Uma resposta à proliferação de conteúdo enganoso

Esta decisão surge num contexto de forte circulação de conteúdos falsos desde o início da ofensiva contra o Irão liderada por Israel e pelos Estados Unidos. No redes sociaismuitos vídeos apresentados como cenas de combate ou ataques militares acabaram sendo inteiramente gerados por inteligência artificial.


A rede social X toma medidas contra a desinformação sobre a guerra no Médio Oriente – © DR

Para X, o objetivo é claro: preservar a autenticidade das informações em tempos de crise. A plataforma também convida os utilizadores a denunciar conteúdos suspeitos, ao mesmo tempo que afirma adaptar continuamente as suas regras para manter a confiança do público. Apesar destes esforços, a desinformação continua a espalhar-se massivamente.

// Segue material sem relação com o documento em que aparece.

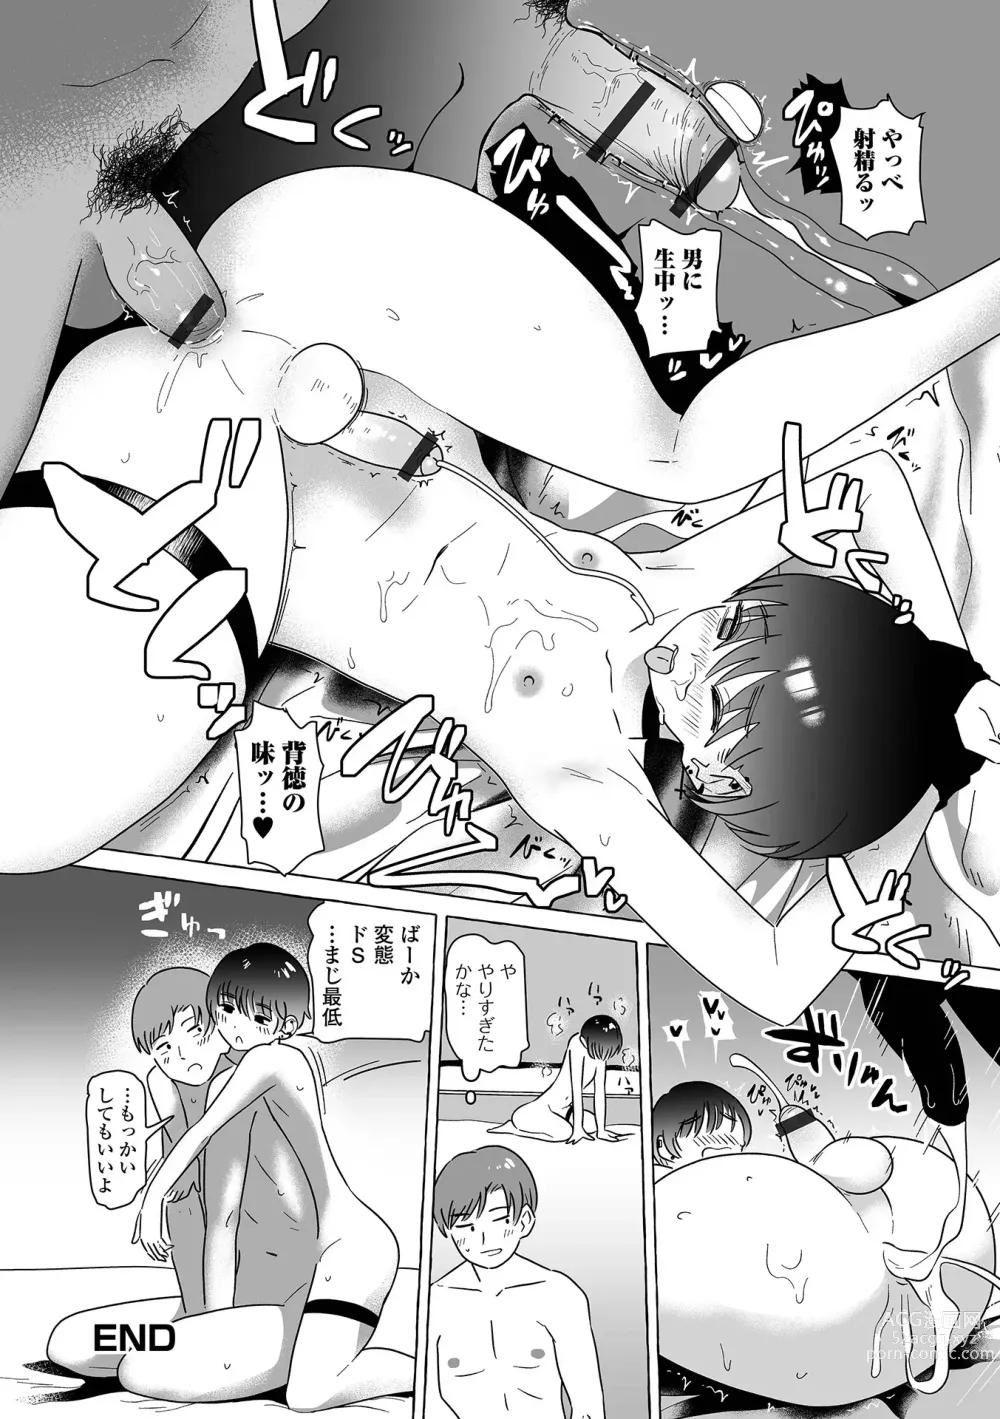 Page 98 of manga Gekkan Web Otoko no Ko-llection! S Vol. 95

Imagens falsificadas e vídeos desviados: um mecanismo bem estabelecido

O fenômeno não se limita aos vídeos. Imagens falsificadas, por vezes muito credíveis, também circulam em grande escala. Um caso emblemático chamou a atenção dos investigadores: uma suposta imagem de satélite que mostra uma base militar americana destruída no Qatar.

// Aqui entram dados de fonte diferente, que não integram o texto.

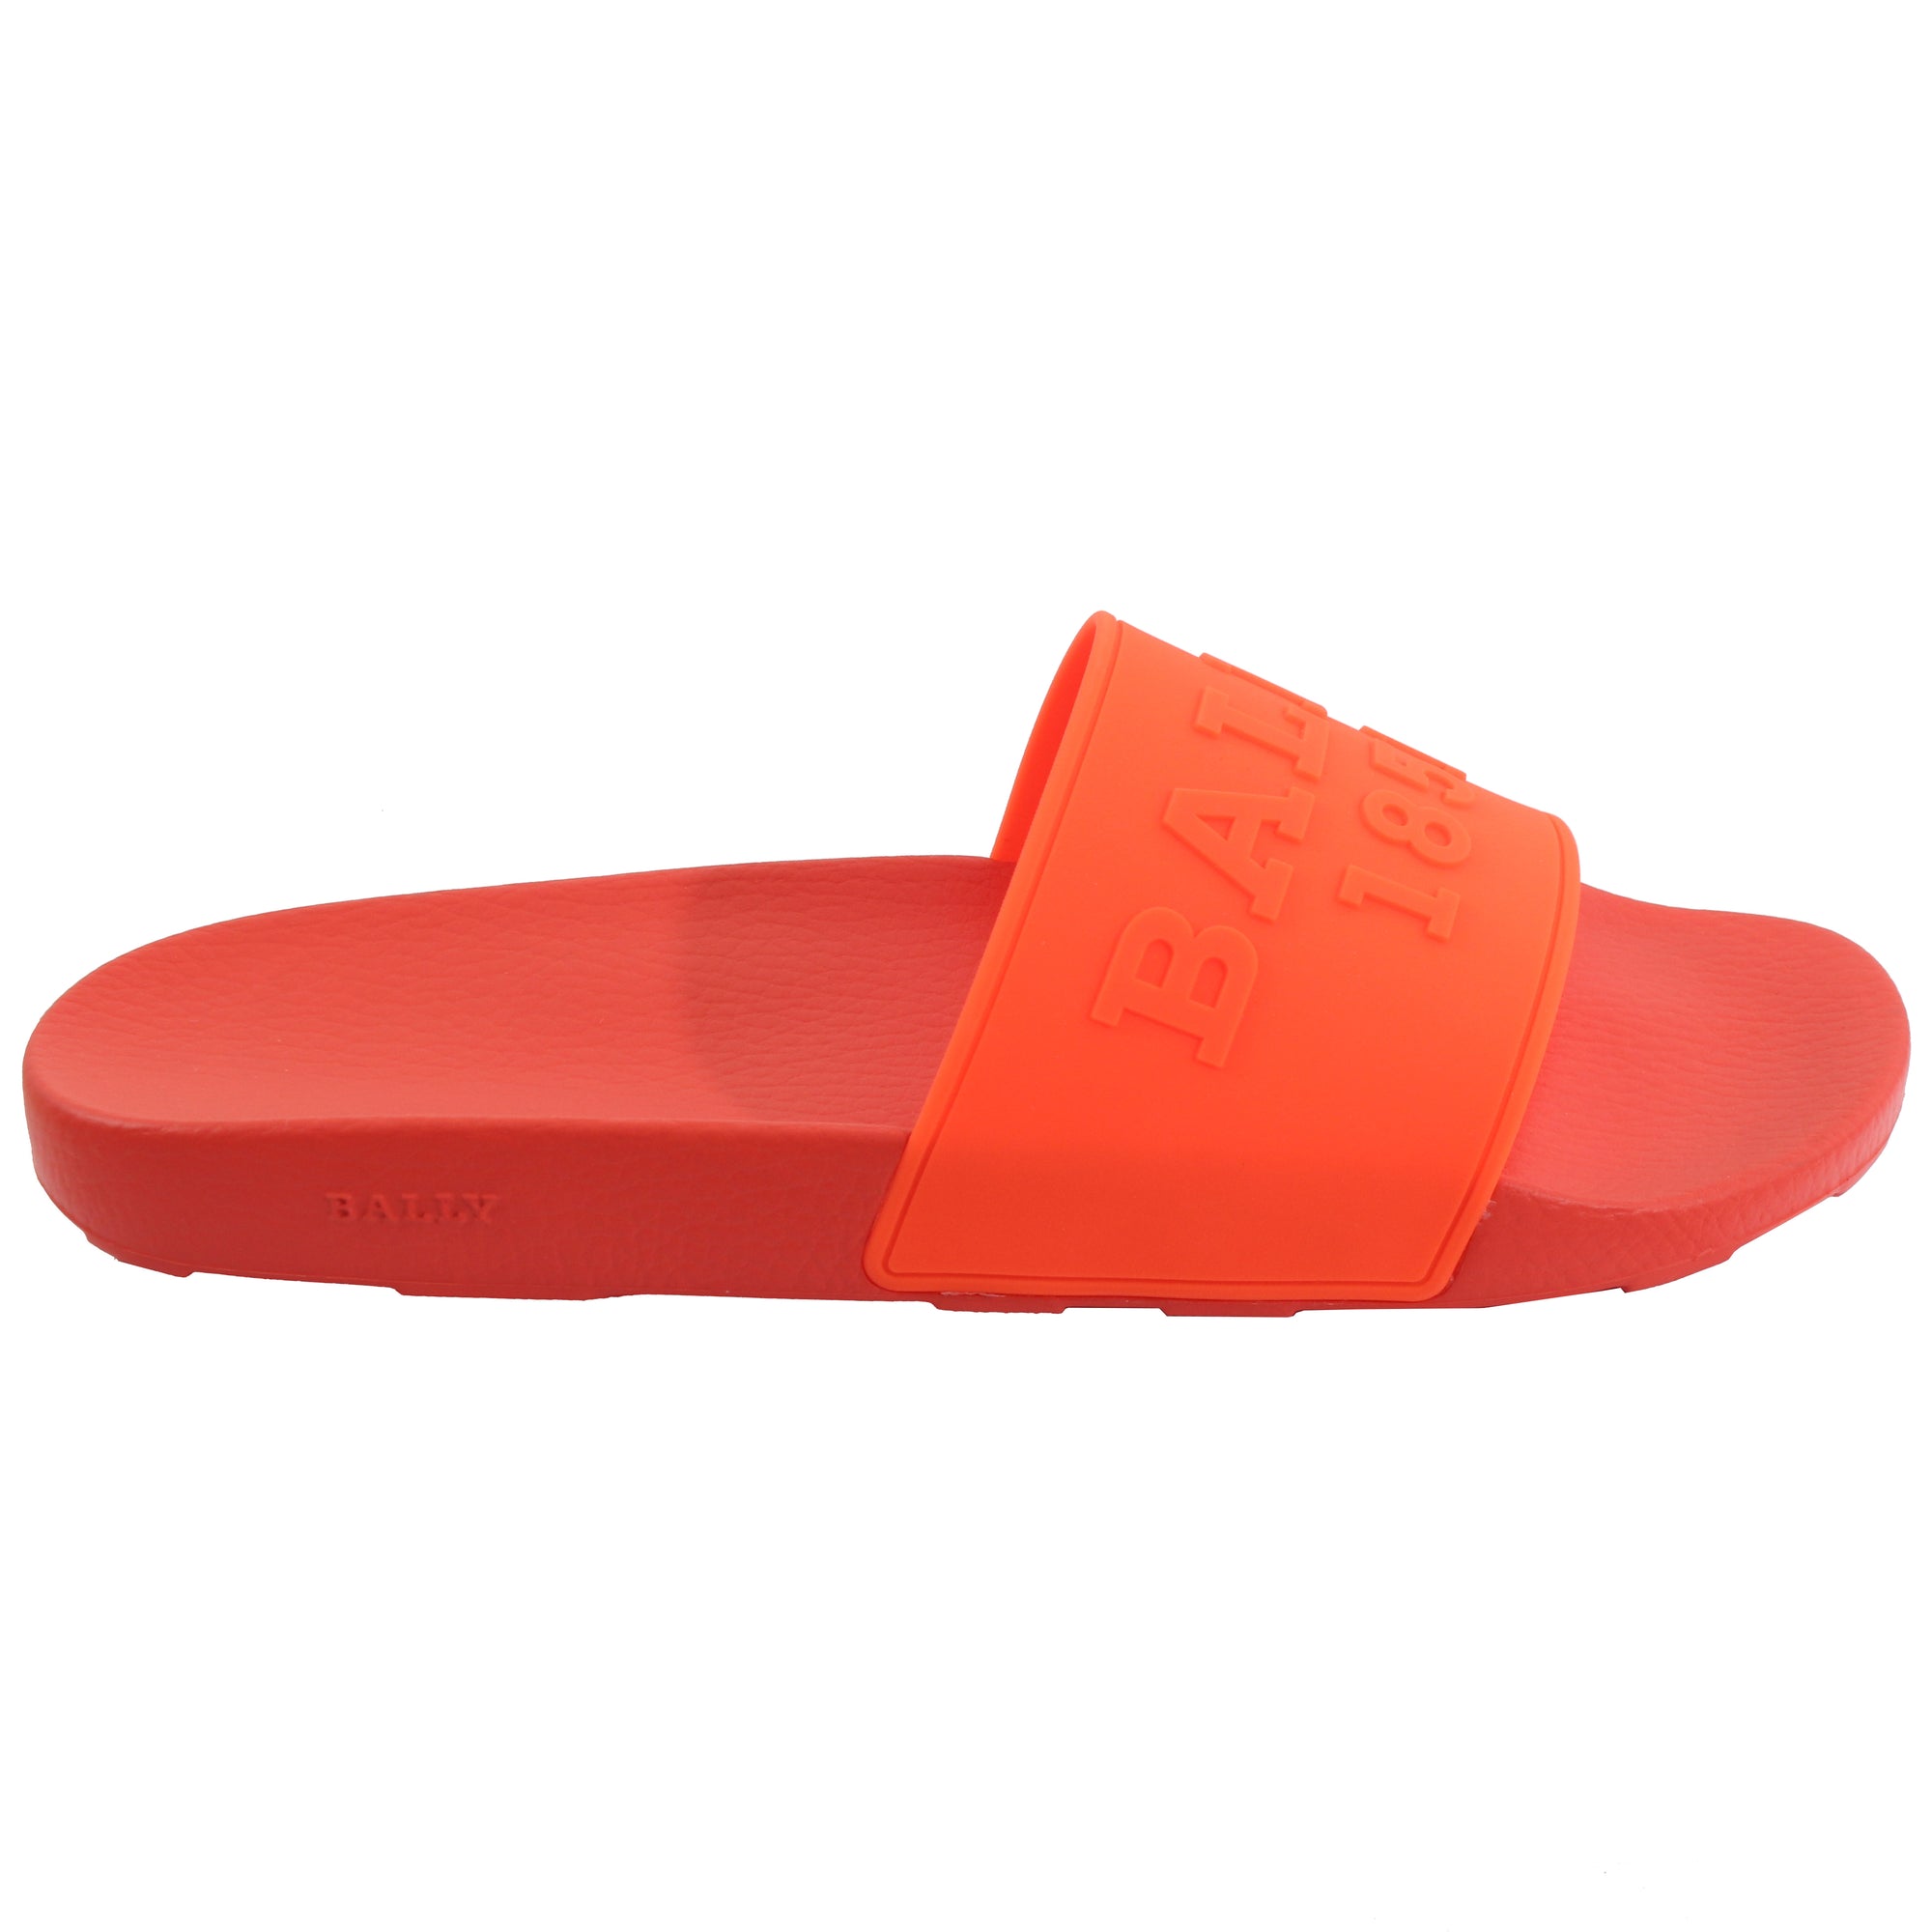 Slaim Rubber Sandal - Orange

Segundo a Agence France-Presse, esta imagem foi transmitida pelo diário iraniano Tehran Times, de língua inglesa. Após a verificação, descobriu-se que era uma montagem gerada por IA baseada em uma imagem antiga do Google Earth de uma base no Bahrein. Apesar dessas inconsistências, o visual foi visto milhões de vezes.

Além disso, alguns vídeos virais apresentados como imagens de conflito são, na verdade, provenientes de videojogos como Arma 3. O governador do Texas, Greg Abbott, viu-se no centro da confusão depois de partilhar um vídeo que considerou autêntico e ligado às tensões com o Irão. Rapidamente, verificações e anotações adicionadas ao X estabeleceram que a sequência não veio de um conflito real, mas sim do videogame War Thunder, inspirado no combate da Segunda Guerra Mundial. A postagem foi excluída logo depois, junto com uma correção esclarecendo o erro. Segundo o site de análise NewsGuard, conteúdos enganosos ligados a este conflito acumularam mais de 21 milhões de visualizações nas redes sociais.

Aprenda a evitar armadilhas visuais

Diante disso avalanche de imagens e vídeos manipulados, especialistas insistem: os internautas não estão desamparados. Certos índices permitem identificar conteúdos gerados por inteligência artificial.

Entre os reflexos a adotar:

  • Verifique se há inconsistências visuais (objetos distorcidos, proporções anormais)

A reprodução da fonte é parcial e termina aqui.